P.S I'm very new to both Visual Studios and CUDA.
// incrementArray.cu
#include "Hello.h"
#include <stdio.h>
#include <assert.h>
#include <cuda.h>
void incrementArrayOnHost(float *a, int N)
{
int i;
for (i=0; i < N; i++) a[i] = a[i]+1.f;
}
__global__ void incrementArrayOnDevice(float *a, int N)
{
int idx = blockIdx.x*blockDim.x + threadIdx.x;
if (idx<N) a[idx] = a[idx]+1.f;
}
int main(void)
{
float *a_h, *b_h; // pointers to host memory
float *a_d; // pointer to device memory
int i, N = 10;
size_t size = N*sizeof(float);
// allocate arrays on host
a_h = (float *)malloc(size);
b_h = (float *)malloc(size);
// allocate array on device
cudaMalloc((void **) &a_d, size);
// initialization of host data
for (i=0; i<N; i++) a_h[i] = (float)i;
// copy data from host to device
cudaMemcpy(a_d, a_h, sizeof(float)*N, cudaMemcpyHostToDevice);
// do calculation on host
incrementArrayOnHost(a_h, N);
// do calculation on device:
// Part 1 of 2. Compute execution configuration
int blockSize = 4;
int nBlocks = N/blockSize + (N%blockSize == 0?0:1);
// Part 2 of 2. Call incrementArrayOnDevice kernel
incrementArrayOnDevice <<< nBlocks, blockSize >>> (a_d, N);
// Retrieve result from device and store in b_h
cudaMemcpy(b_h, a_d, sizeof(float)*N, cudaMemcpyDeviceToHost);
// check results
for (i=0; i<N; i++) assert(a_h[i] == b_h[i]);
// cleanup
free(a_h); free(b_h); cudaFree(a_d);
return 0;
}
It's just a keyword Visual Intellisense problem conducted by VS itself. Codes can be built successfully because VS requests NVCC, who can find and recognize these keywords, to do the building work, you can just add the following code to solve this problem under VS2010
#include "device_launch_parameters.h"
The code is compiled correctly, it is the Visual Intellisense which is trying to parse the code and catch errors on its own.

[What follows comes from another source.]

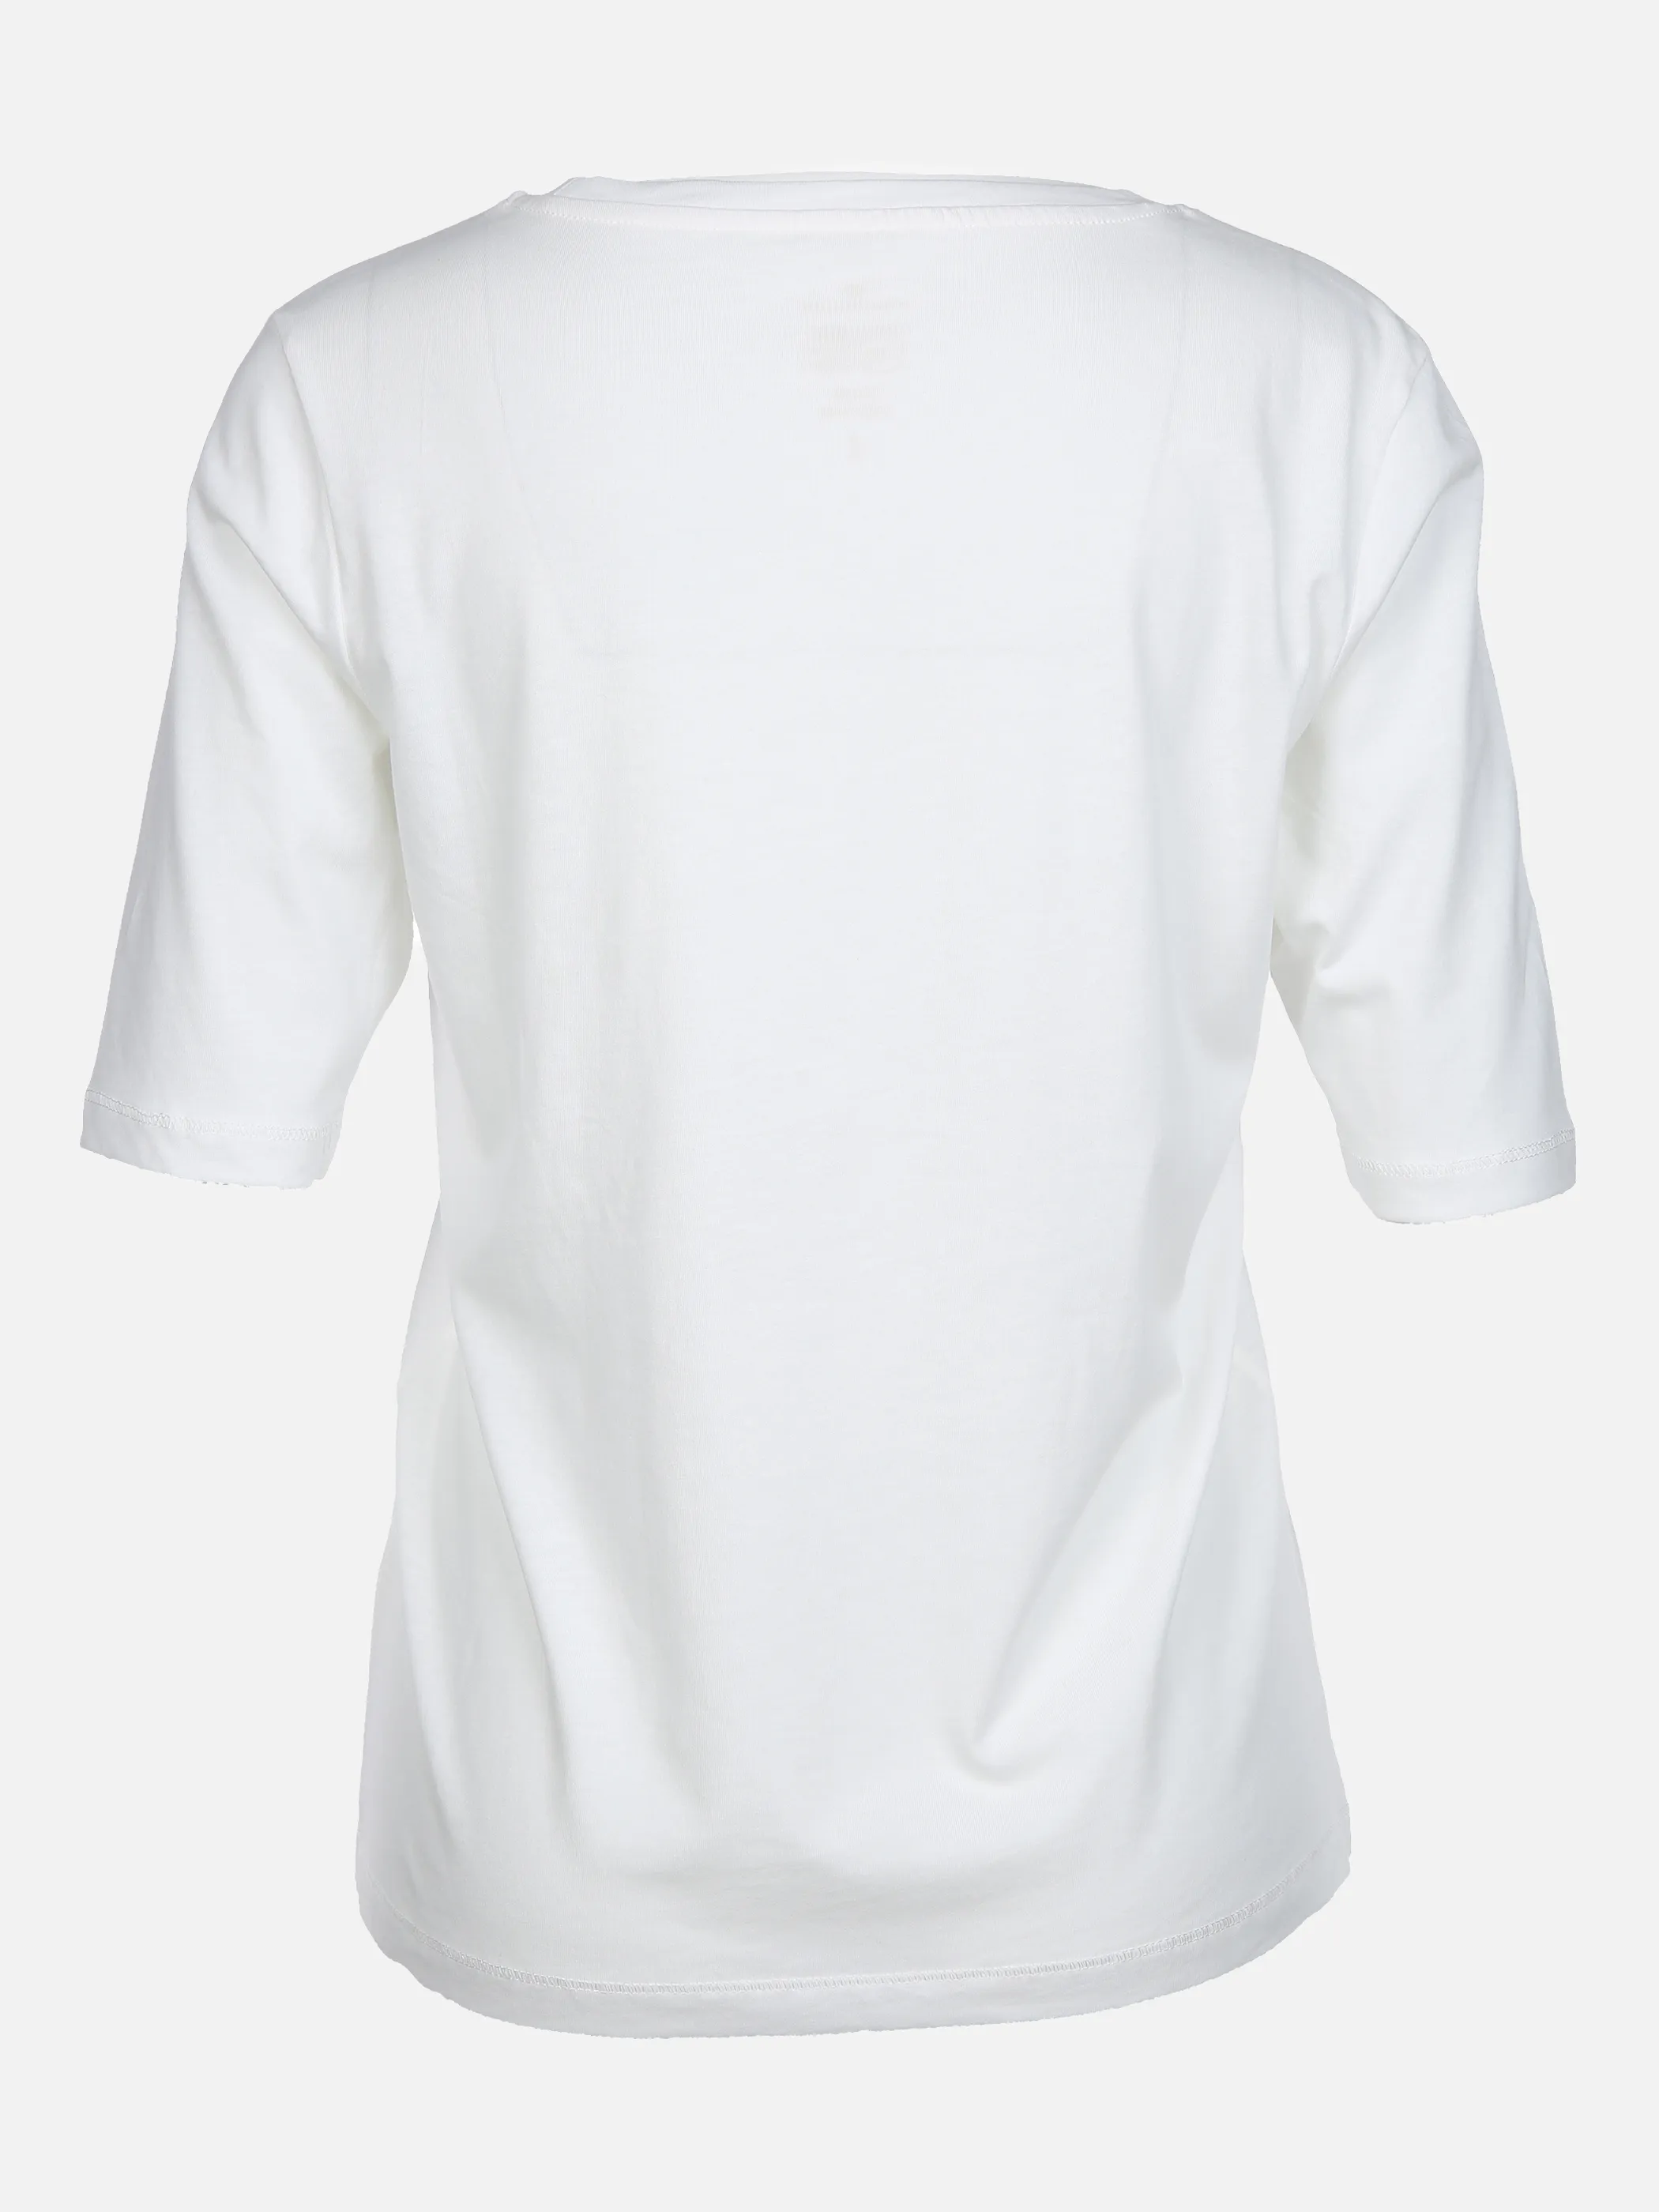 Tom Tailor 1027150 T-shirt frontprint Weiß 856705 10315 2
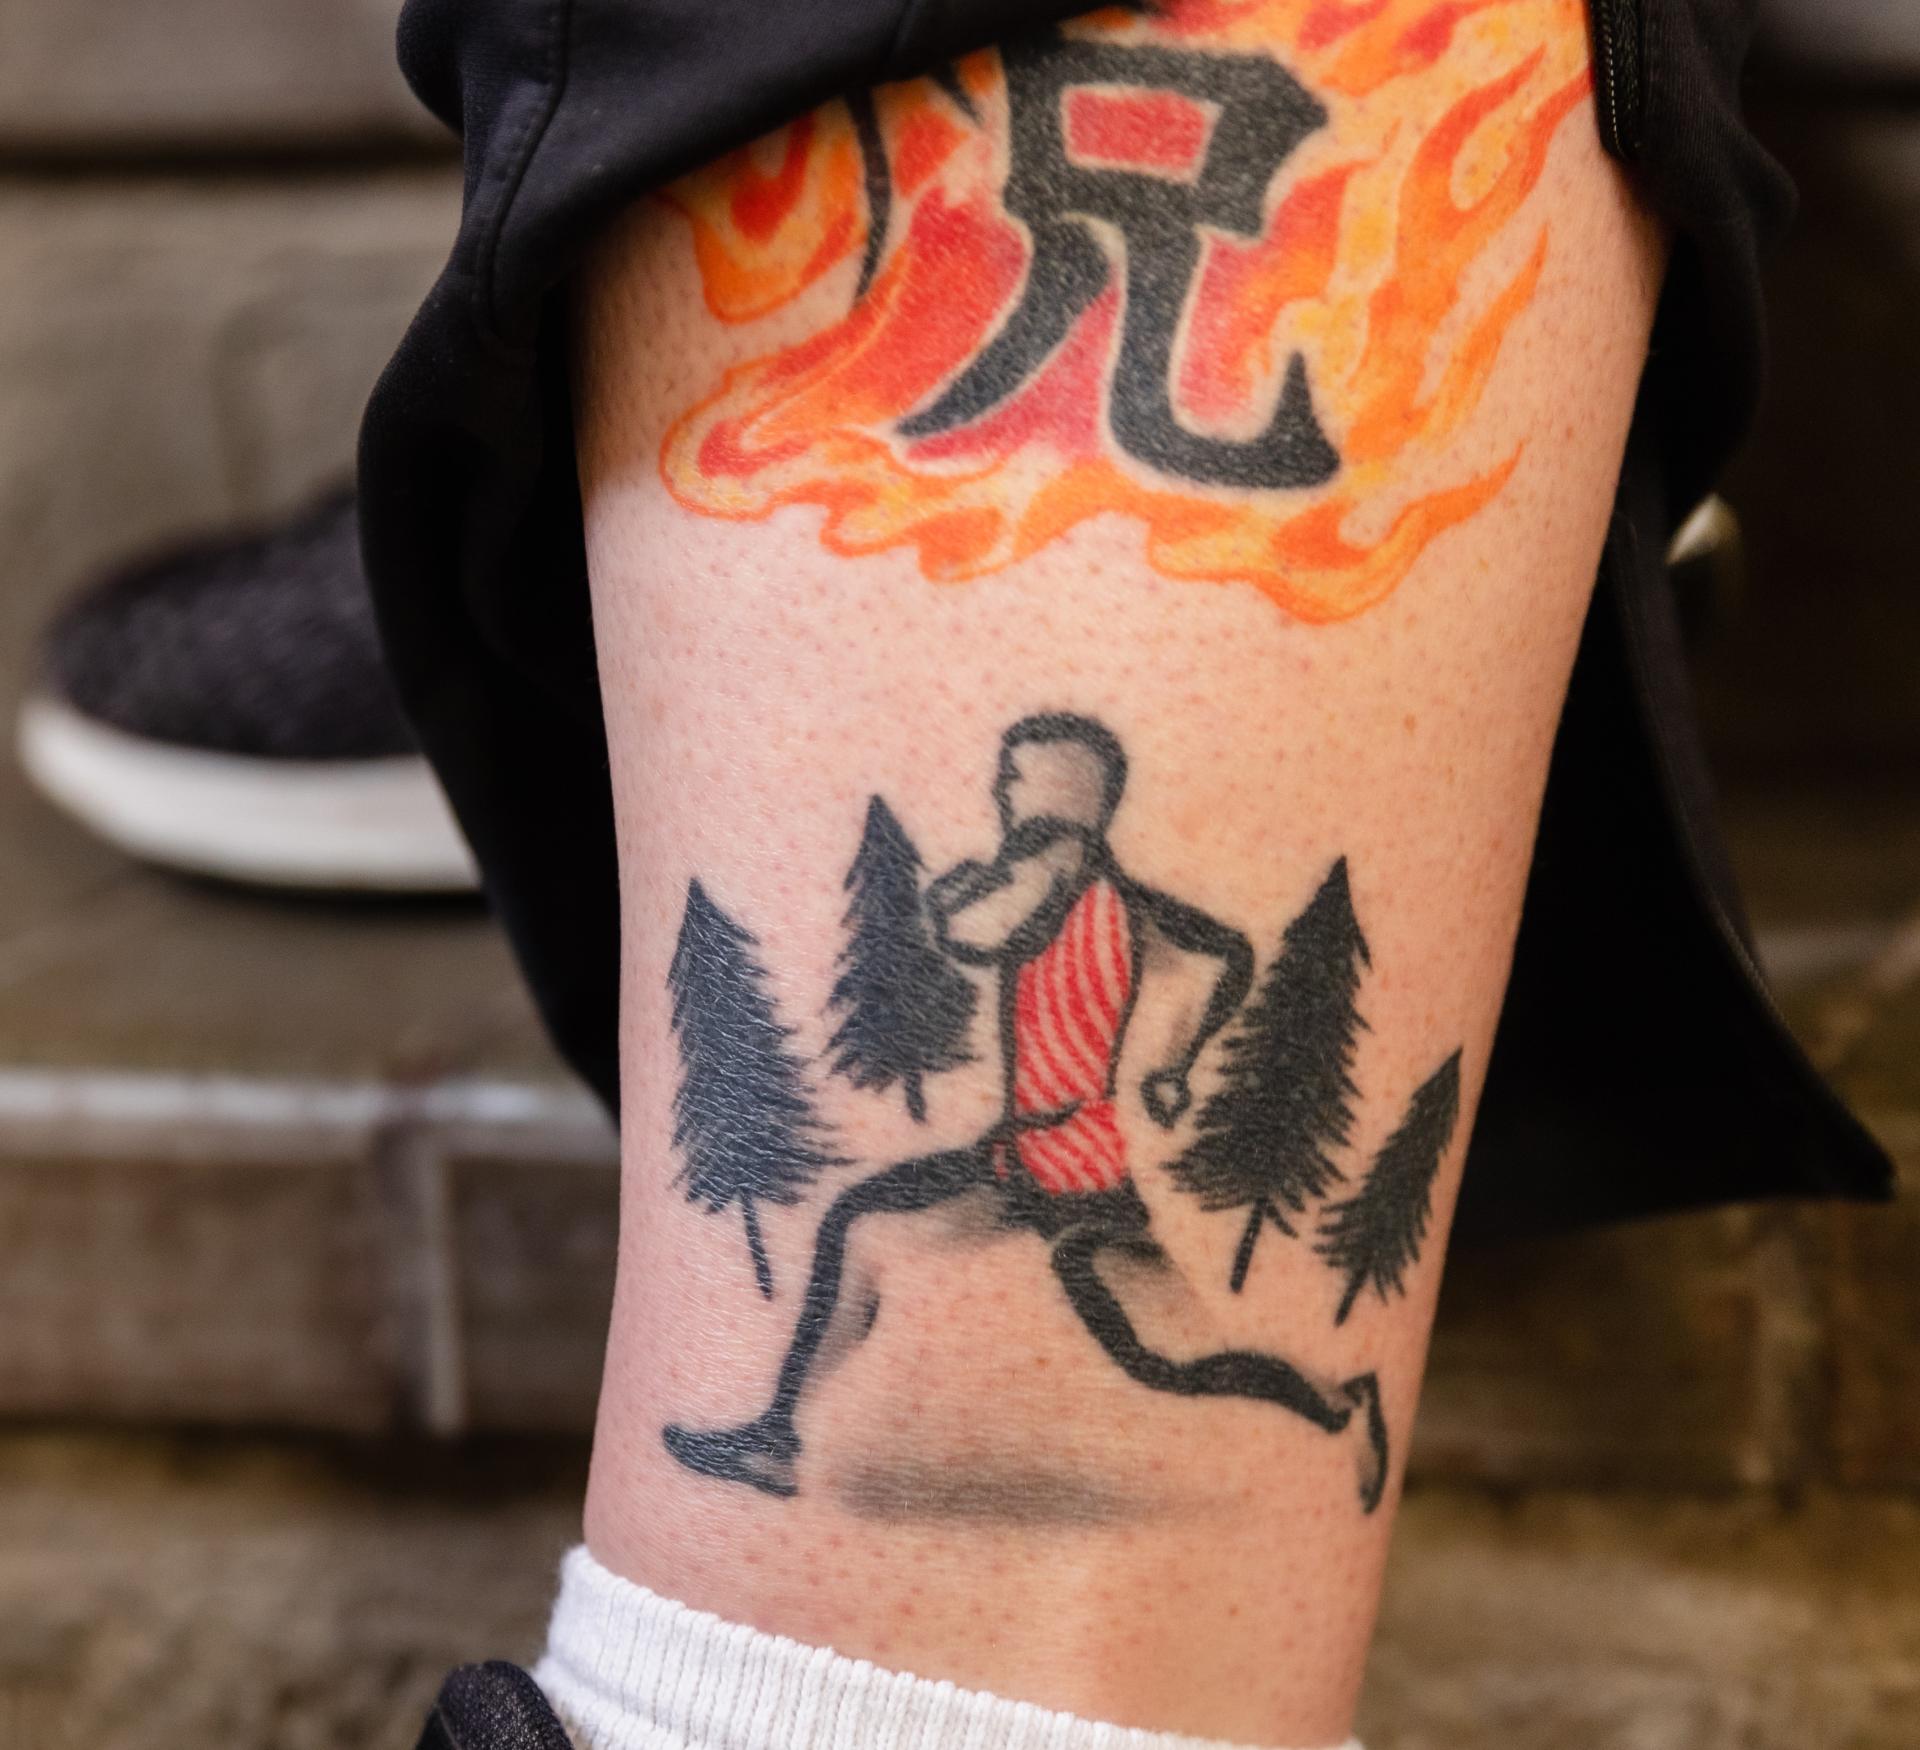 Matt Sinnott's runner silhouette tattoo.

The trick I do usually is to have a "hacked" header file which defines all CUDA-specific symbols (threadIdx
, __device__
, etc.) and then include it in the .cu file like this:
#ifndef __CUDACC__
#include "myhack.h"
#endif
This way, Intellisense will read in myhack.h
and won't complain about CUDA stuff. The real nvcc compiler will recognise the __CUDACC__
macro and won't read the hack file.
Further to CygnusX1's answer, follow these directions to add CUDA keywords like blockDim
to your usertype.dat file for Visual Studio 2010.
That should eliminate Intellisense errors for those keywords.